I have code that uses the low and low I / O system calls read and write , as described on page 170 of the Kernighan and Ritchie C Programming Book. Function prototypes are
int n_read = read ( int fd, char *buf, int n ) int n_read = write ( int fd, char *buf, int n )
now two .c files that use these read and write are called by the larger fortran program to read and write large amounts of data.
C code is just this, without #include any type, having an underscore after the function name and following the link:
int read_ ( int *descriptor, char *buffer, int *nbyte ) { return ( read( *descriptor, buffer, *nbyte ) ); } int write_ ( int *descriptor, char *buffer, int *nbyte ) { return ( write( *descriptor, buffer, *nbyte ) ); }
and the larger fortran program will do something like this
INTEGER nbyte COMPLEX*16 matrix(*) INTEGER READ, WRITE EXTERNAL READ, WRITE status = READ( fd, matrix, nbyte ) if ( status .eq. -1 ) then CALL ERROR('C call read failure') stop endif
As you may have guessed, this is great for nbyte values ββless than 2 ^ 31. I need to read more than 2 GB of data, so I need nbyte to be a long integer and INTEGER * 8 in fortran.

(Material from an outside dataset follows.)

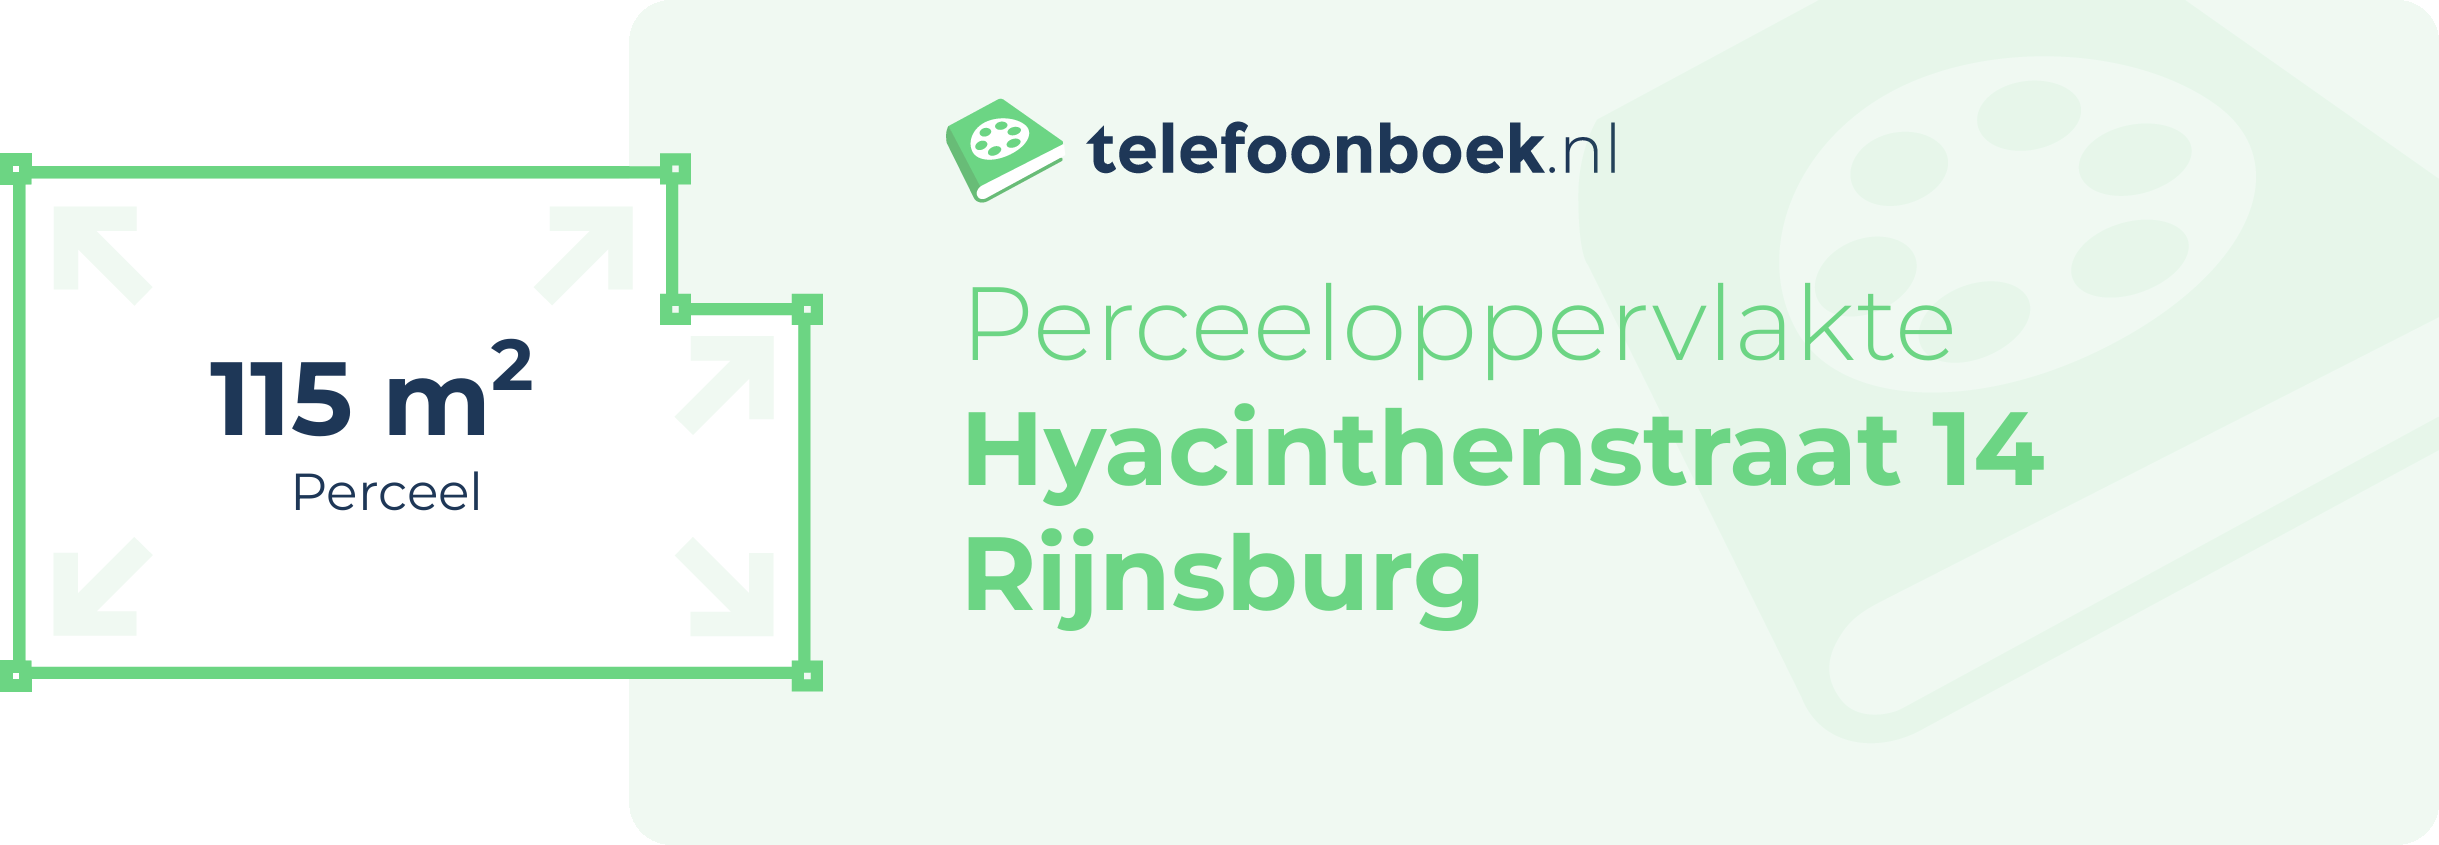 Perceeloppervlakte Hyacinthenstraat 14 Rijnsburg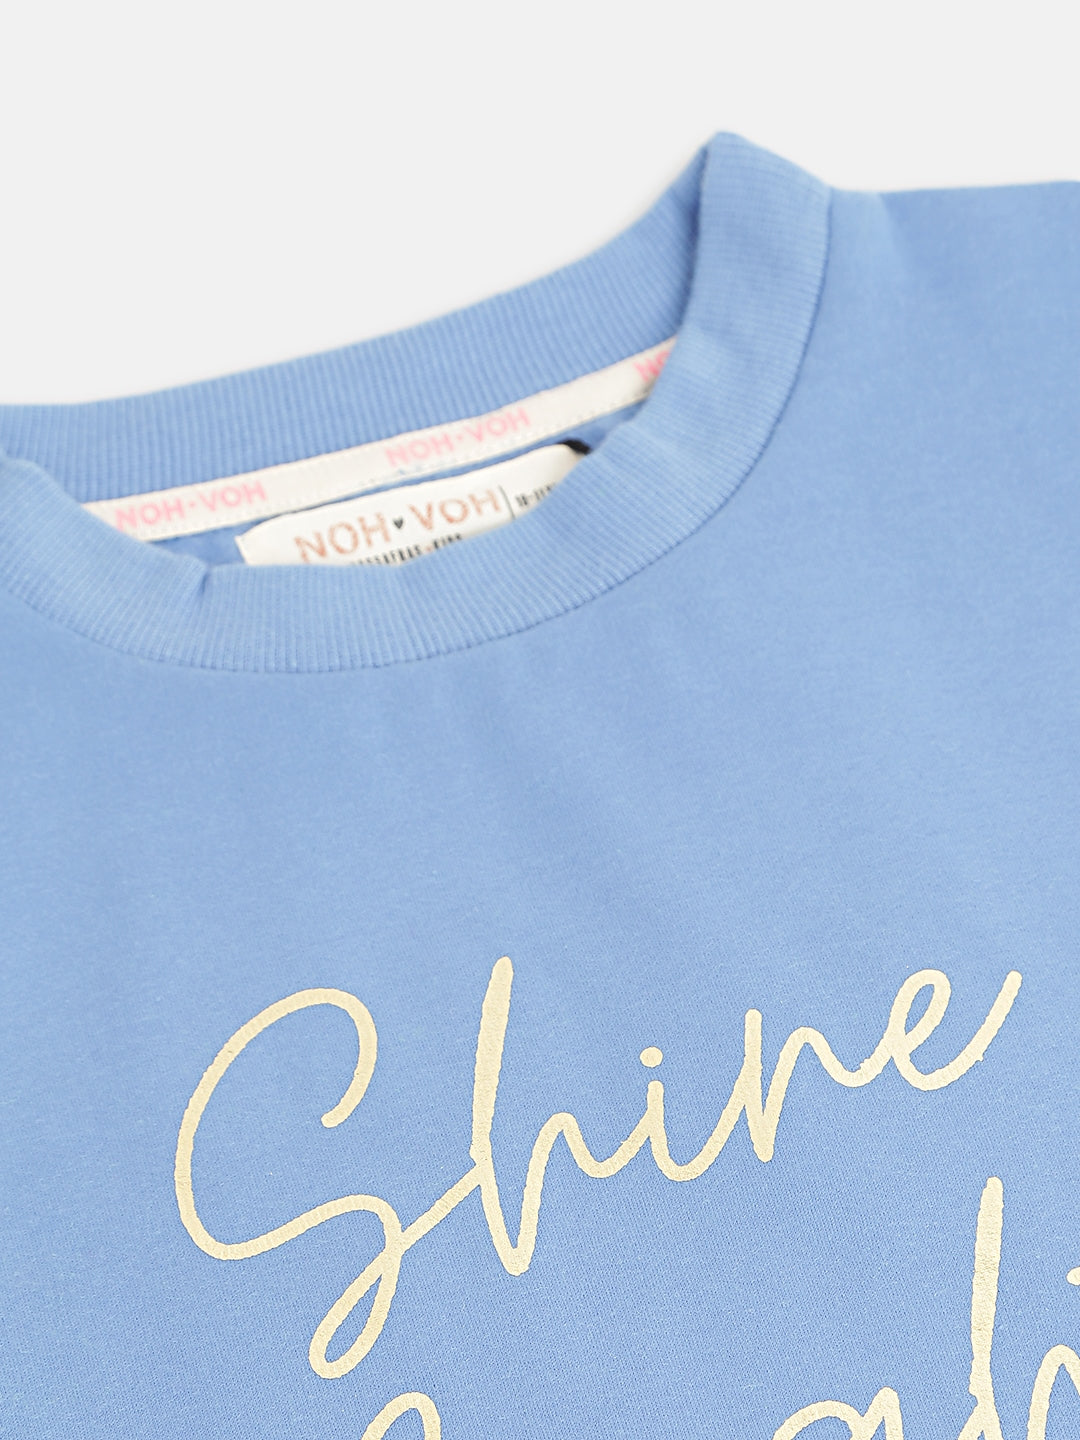 Girls Blue SHINE BRIGHT Foil Print Crop Sweatshirt

Are there equivalent read64 and write64, for example, is lseek64 provided by unistd.h and features.h?
What is the best way to transcode this? Should I use fread and fwrite? is int fd from low level write the same as FILE *stream from fread() ?
My requirement is to pass a long integer of 8 bytes in order to have values ββfrom 100 to 500 gigabytes or an integer having 12 digits, which is for nbyte
Am I getting something or losing using currently read and write , which is identified as a system call? "What does this mean?